_YOUR ASSIGNMENT_: Search the records that follow and extract every line containing the string "para".

_MATERIAL PROVIDED_:
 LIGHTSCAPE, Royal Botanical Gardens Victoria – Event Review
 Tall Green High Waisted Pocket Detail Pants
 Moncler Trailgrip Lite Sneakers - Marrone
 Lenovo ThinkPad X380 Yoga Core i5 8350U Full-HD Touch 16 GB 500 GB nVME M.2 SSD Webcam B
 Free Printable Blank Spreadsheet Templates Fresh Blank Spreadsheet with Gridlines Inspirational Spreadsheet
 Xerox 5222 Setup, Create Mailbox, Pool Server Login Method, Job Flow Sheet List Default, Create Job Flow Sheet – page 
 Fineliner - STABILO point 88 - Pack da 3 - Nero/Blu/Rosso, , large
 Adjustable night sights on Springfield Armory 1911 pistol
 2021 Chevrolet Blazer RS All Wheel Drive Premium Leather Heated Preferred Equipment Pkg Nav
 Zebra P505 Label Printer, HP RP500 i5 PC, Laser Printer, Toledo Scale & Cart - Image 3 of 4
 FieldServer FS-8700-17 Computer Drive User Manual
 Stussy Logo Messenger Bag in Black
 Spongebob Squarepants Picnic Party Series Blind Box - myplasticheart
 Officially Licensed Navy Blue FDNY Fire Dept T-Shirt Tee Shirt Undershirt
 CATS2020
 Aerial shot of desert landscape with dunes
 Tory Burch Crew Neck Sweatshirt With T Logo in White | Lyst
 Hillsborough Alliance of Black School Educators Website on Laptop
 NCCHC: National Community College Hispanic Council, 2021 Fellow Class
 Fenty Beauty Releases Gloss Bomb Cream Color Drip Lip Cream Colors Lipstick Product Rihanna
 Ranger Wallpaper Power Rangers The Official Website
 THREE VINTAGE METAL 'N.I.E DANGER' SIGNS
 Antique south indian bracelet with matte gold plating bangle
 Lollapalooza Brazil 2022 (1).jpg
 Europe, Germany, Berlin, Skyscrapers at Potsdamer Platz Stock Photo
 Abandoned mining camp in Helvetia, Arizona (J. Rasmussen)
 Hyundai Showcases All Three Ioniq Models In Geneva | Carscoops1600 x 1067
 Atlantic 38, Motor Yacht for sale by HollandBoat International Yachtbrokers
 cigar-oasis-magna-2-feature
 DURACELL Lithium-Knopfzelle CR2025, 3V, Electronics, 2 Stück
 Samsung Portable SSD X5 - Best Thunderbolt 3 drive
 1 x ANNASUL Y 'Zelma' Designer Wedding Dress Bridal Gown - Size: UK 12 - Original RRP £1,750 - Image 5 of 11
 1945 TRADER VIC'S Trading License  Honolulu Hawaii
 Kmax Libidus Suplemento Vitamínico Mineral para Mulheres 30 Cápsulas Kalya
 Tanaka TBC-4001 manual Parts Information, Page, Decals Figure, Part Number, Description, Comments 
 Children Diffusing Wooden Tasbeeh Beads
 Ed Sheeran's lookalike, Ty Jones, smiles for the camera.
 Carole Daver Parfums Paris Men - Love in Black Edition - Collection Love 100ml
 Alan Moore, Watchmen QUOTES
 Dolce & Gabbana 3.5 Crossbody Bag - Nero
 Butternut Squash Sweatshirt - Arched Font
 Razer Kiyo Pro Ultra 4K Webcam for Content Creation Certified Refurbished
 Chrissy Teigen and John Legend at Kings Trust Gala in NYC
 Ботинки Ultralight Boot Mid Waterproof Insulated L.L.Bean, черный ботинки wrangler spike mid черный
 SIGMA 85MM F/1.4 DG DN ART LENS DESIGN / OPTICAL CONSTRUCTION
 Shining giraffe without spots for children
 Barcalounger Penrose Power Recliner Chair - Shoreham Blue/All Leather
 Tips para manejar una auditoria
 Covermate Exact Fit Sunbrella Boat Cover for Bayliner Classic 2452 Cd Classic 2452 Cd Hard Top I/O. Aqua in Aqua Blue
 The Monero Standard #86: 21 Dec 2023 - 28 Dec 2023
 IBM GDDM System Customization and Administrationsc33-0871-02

_RESULT OF THIS TASK_:
 Kmax Libidus Suplemento Vitamínico Mineral para Mulheres 30 Cápsulas Kalya
 Tips para manejar una auditoria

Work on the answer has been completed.